Generally, all the states will be facing abandoned property that holds money, property, and other assets for a period of inactivity from three to five years. In the duration of this

inactivity period, proprietors, banks, insurance companies and other organizations will try to return the property to the right owners. In case of their failure, the property would be turned over to the property division office of the unclaimed.The Unclaimed Property office would then try to find the right owners by placing advertisements in the newspapers. There is no time limitation to claim the property for the abandoned properties have been reunited with its owner even after 50 years. In case if the owner has not been traced it would be returned to the state. Moreover, the relatives of owner who is dead can file for the unclaimed property.

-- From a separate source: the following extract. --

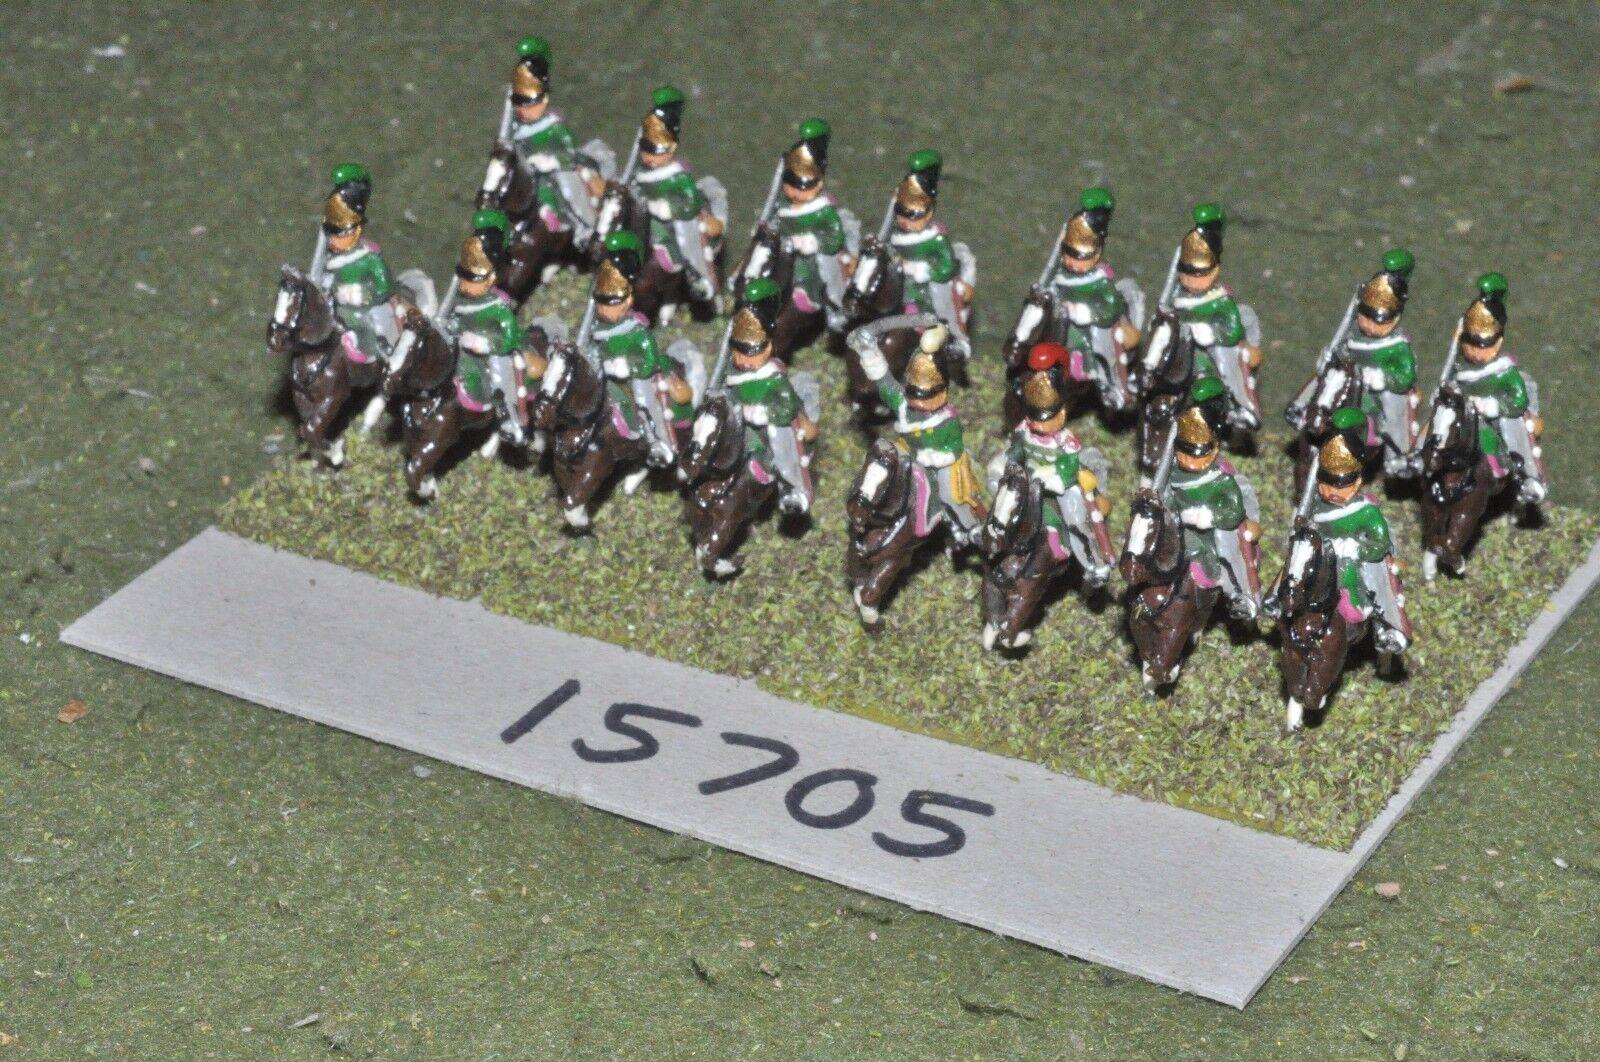 15 napoleonischen   russisch - dragoons 16 kavallerie - cav (15705)

Role of the state on unclaimed property

The Unclaimed Property will be protected by the state until it is returned to its owner. Additionally the state may auction the safe deposit boxes, if it is not claimed within five years. About $450 million, unclaimed property has been turned over to the Department of Revenue since 1955. The department of the unclaimed property division received the property worth more than $55 million in the year 2004. As the amount continues to grow each year, the funds are deposited in a trusted account and the department guards would administer through its Unclaimed Property program.

Finding the lost property

If a person assumes that an Unclaimed Property is present that belongs to him, he can call or write to the unclaimed property office. They would ask for the name, social protection number, current address etc. The claim form should be submitted for a person to get the check.

There will be professionals who would make a living in finding the owners of the unclaimed property. They would do this work for a fee that ranges from 10% value of the property to as much as 60% of it. You do not have to trust the tracer for you yourself can call the state and can get the money without having to pay anybody!!!